Ringfort (Rath), Goat Island, Co. Limerick
Co. Limerick |
Ringforts
A raised circular platform sitting in ordinary farmland pasture in County Limerick carries a name that most maps have long since forgotten.
The 1840 Ordnance Survey six-inch map recorded it as Dunmorrisheen, marking a circular area enclosed by a bank, but the name has faded from common use even as the earthwork itself, worn and softened by centuries of grazing, continues to hold its shape in the field.
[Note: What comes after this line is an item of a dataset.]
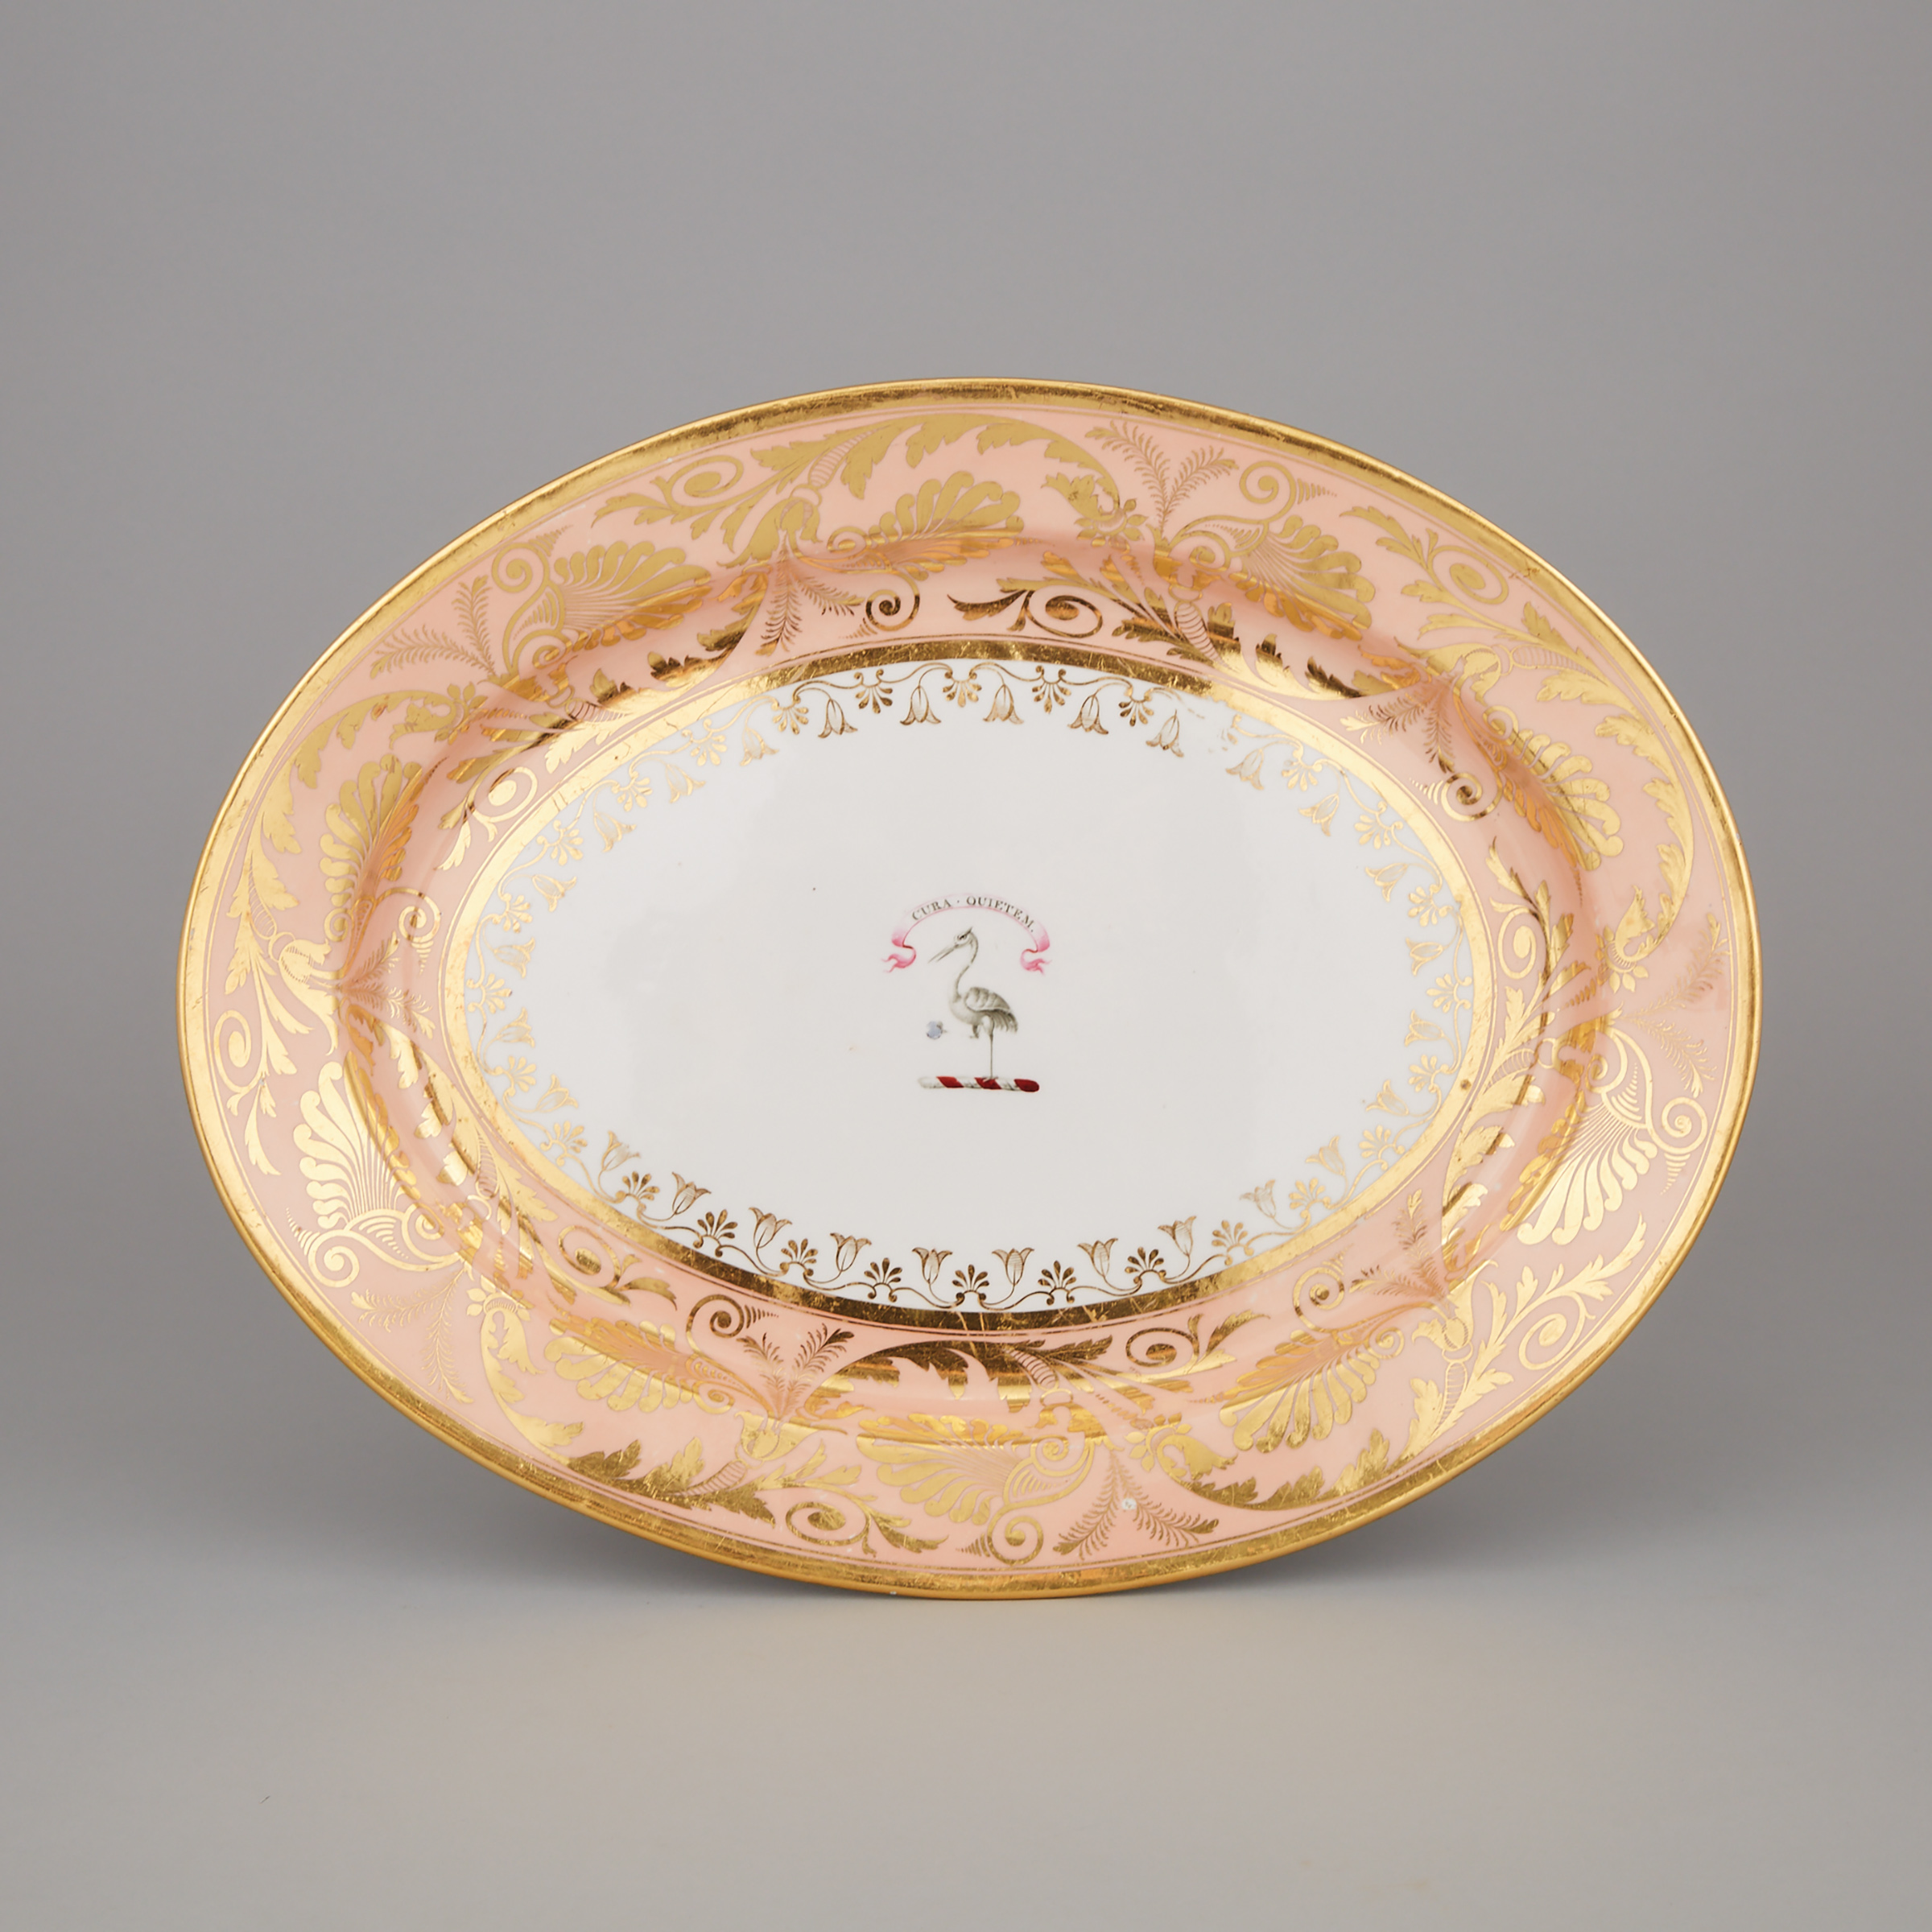 Barr, Flight & Barr Worcester Oval Platter, c.1804-13

Ringforts, known also as raths, were the most common form of enclosed settlement in early medieval Ireland, typically consisting of a circular area defined by one or more earthen banks and ditches, used to protect a farmstead and its livestock. This particular example in the Goat Island townland sits roughly eighteen metres south of the boundary with Ballyvulane and twenty metres west of the boundary with Tankardstown, with traces of an associated field system immediately to its north. The antiquarian Thomas Johnson Westropp recorded its dimensions in 1916 to 1917, describing a gently sloped mound between seven and nine feet high, forty-five feet across the top and eighty-six feet overall, ringed by a shallow fosse-like hollow some fifteen feet wide. A fosse is simply a ditch, often dug to provide the material for the bank thrown up beside it. By the time the Ordnance Survey produced its twenty-five-inch map edition in 1897, the monument was already being read as a raised circular platform defined by a scarp rather than a clearly articulated bank, suggesting it was already losing definition even then.
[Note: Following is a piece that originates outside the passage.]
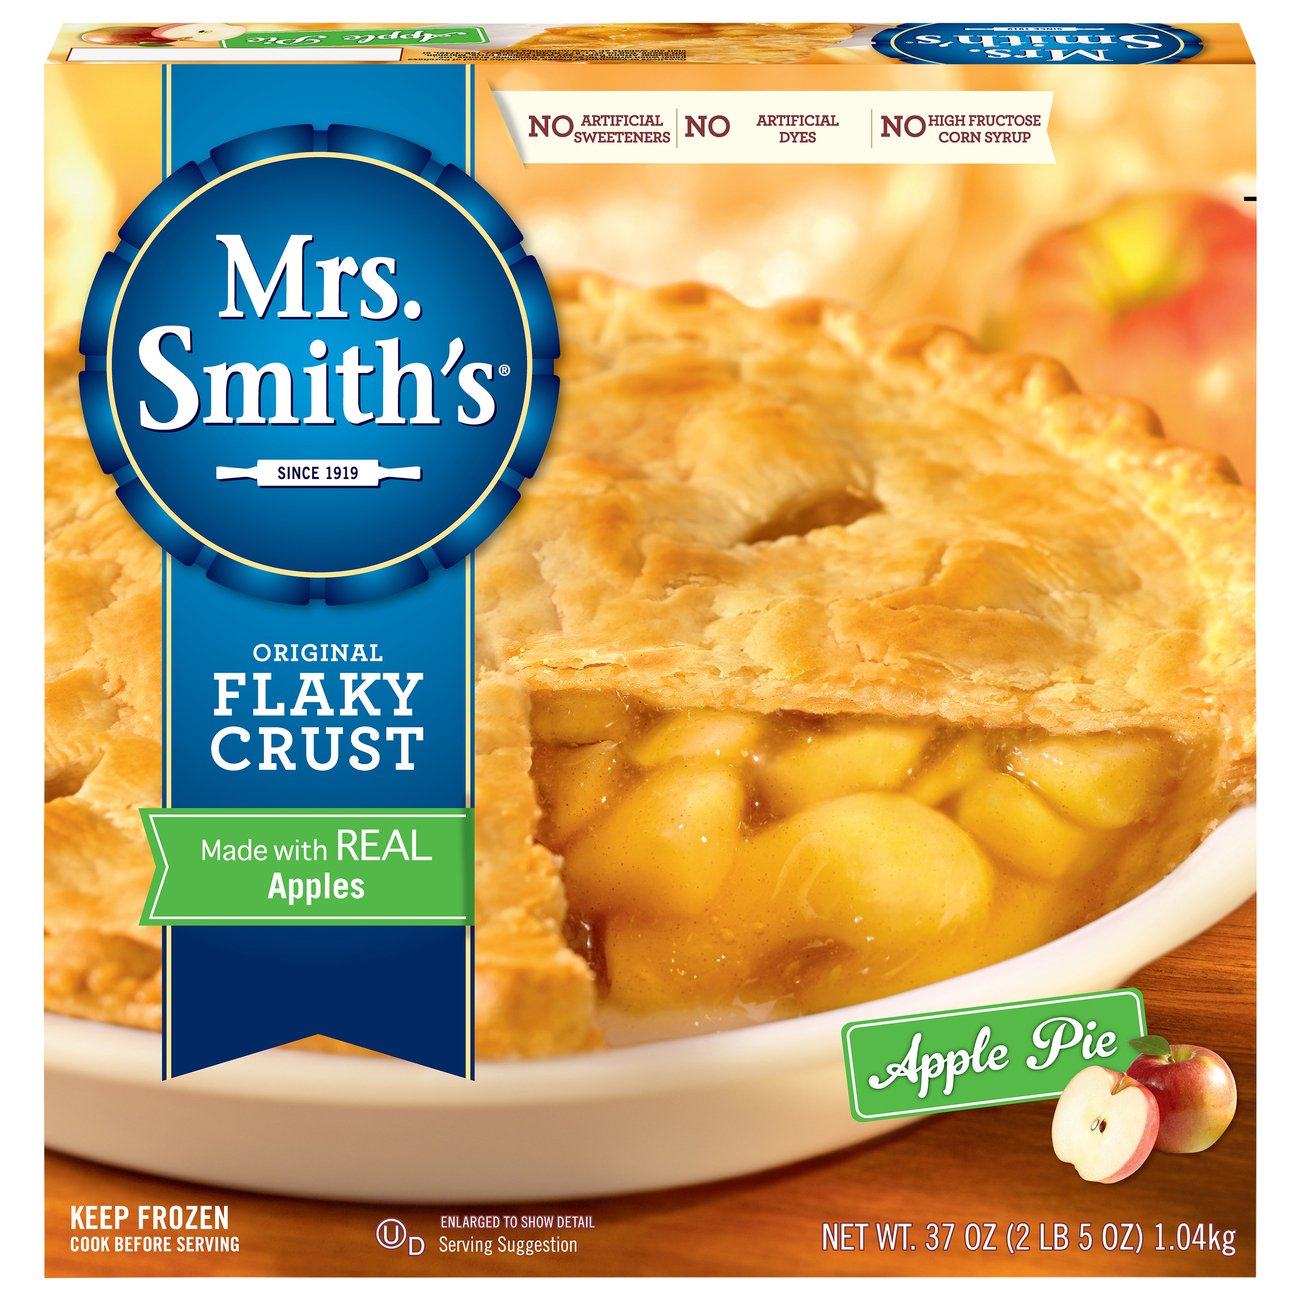 Mrs. Smith's Original Flaky Crust Apple Pie - Shop Desserts & Pastries

The site is on private agricultural land, so access would require the landowner's permission before approaching. For those with an interest in aerial photography and satellite imagery, the outer fosse was still legible on a Google Earth image taken in March 2017, and the outline of the monument appeared in Ordnance Survey orthophotos captured between 2005 and 2012, which gives some sense of what survives at ground level. A visitor standing on or near the mound should look northward for the faint traces of the associated field system, which together with the rath itself suggests a small but coherent early medieval agricultural landscape, quietly preserved in a stretch of Limerick pasture that most people pass without a second glance.